Godwin represents for Himmelfarb (p 114) ‘the romance of reason’ – along with Wordsworth, Southey and Coleridge who romanticized the French Revolution. For Wordsworth Reason was the “prime enchantress” liberating mankind from “the meagre, stale, forbidding ways / Of custom, law and statute.” 

 

For Himmelfarb the moral philosophers wanted reform, the humanising of Britain, and an age of Enlightenment that was “an age of benevolence” (M.G. Jones – The Charity School Movement – 18th c Puritanism in action) whilst the radicals wanted to transform and rationalize (an age of reason).

 

(Note: Himmelfaarb makes no mention of Blake…) 

 

O’Hara (p112):

- Godwin blends Lockean empiricism with utilitarianism – all government is bad because founded on opinion, and valued by people only in so far as they were weak and ignorant; evil is basically ignorance, caused by faulty education, perpetuated by tyranny and greed

 

- a moral code should be based on reason not on subjective feelings: one should save e.g. the poet and theologian Fenelon from a fire before one saved one’s own mother, because Fenelon was more use to mankind.

 

- Godwin didn’t accept Rousseau’s idea of the general will, or society as a moral individual.
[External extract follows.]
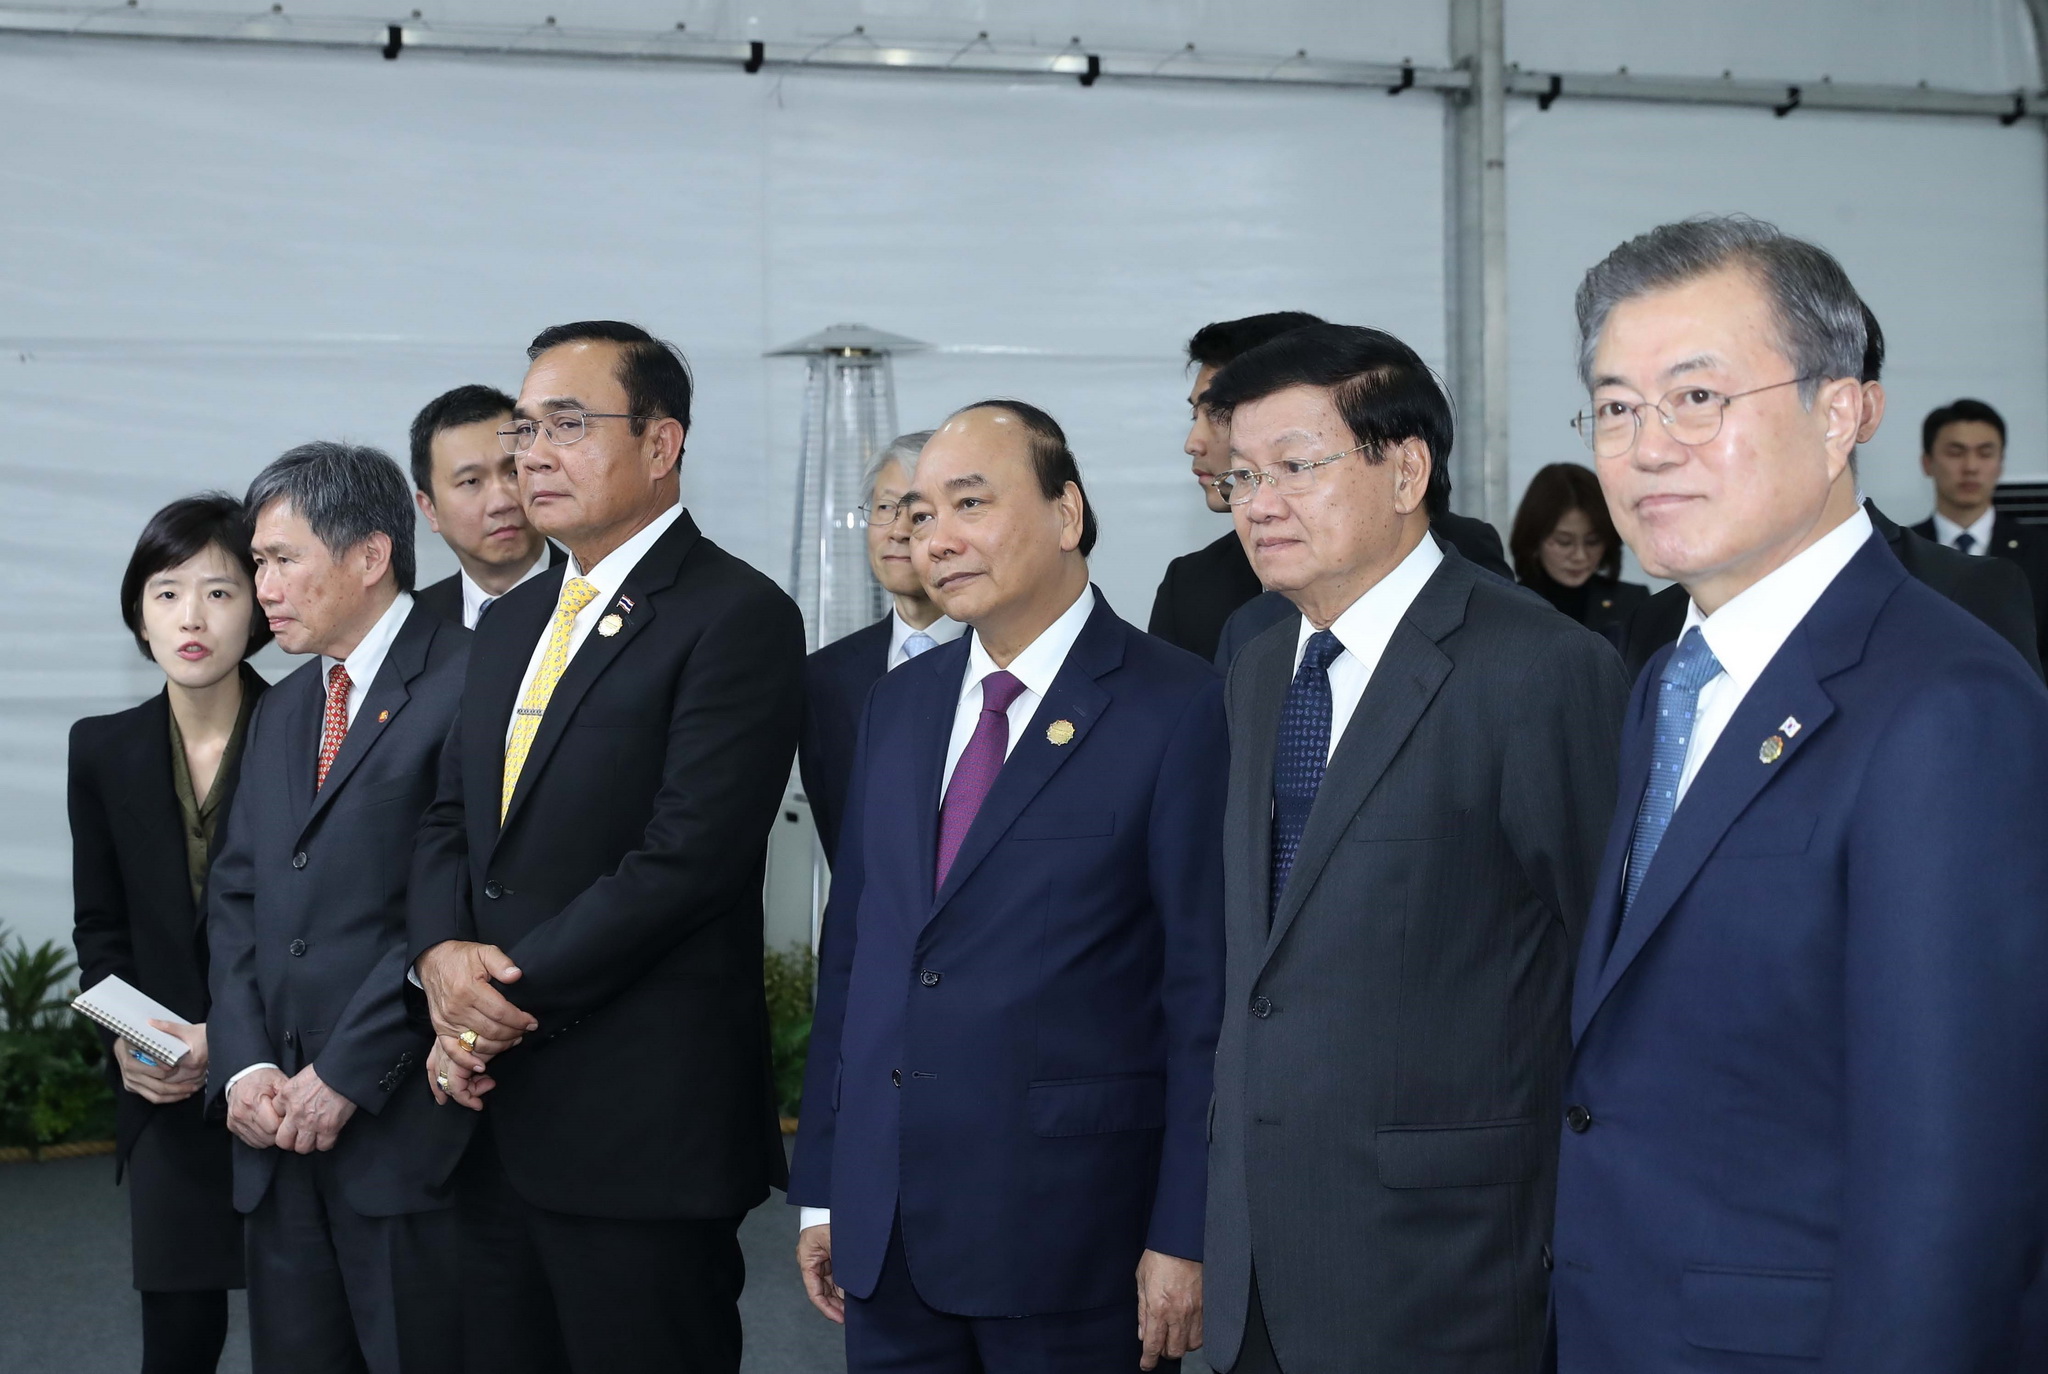 Thủ tướng Chính phủ Nguyễn Xuân Phúc, Tổng thống Hàn Quốc Moon Jae-in, Thủ tướng Lào, Thủ tướng Thái Lan, Tổng thư ký ASEAN Lim Jock Hoi xem triển lãm. (Ảnh: Thống Nhất/TTXVN)

He only defended representative republican democracy in so far as it might prevent some evils – however, he said that the truth of a matter cannot be arrived at by a vote… A public vote could be subverted, and a private/secret vote facilitated hypocrisy. Communication was the essence of liberty

 

- a number of other commentators note that Godwin wrote against the institution of marriage, only to marry Mary Wollstonecraft, and also that he insisted that Shelley should not just cohabit with their daughter Mary but marry her (e.g. Porter p 23) – is this, though, an ad hominem argument?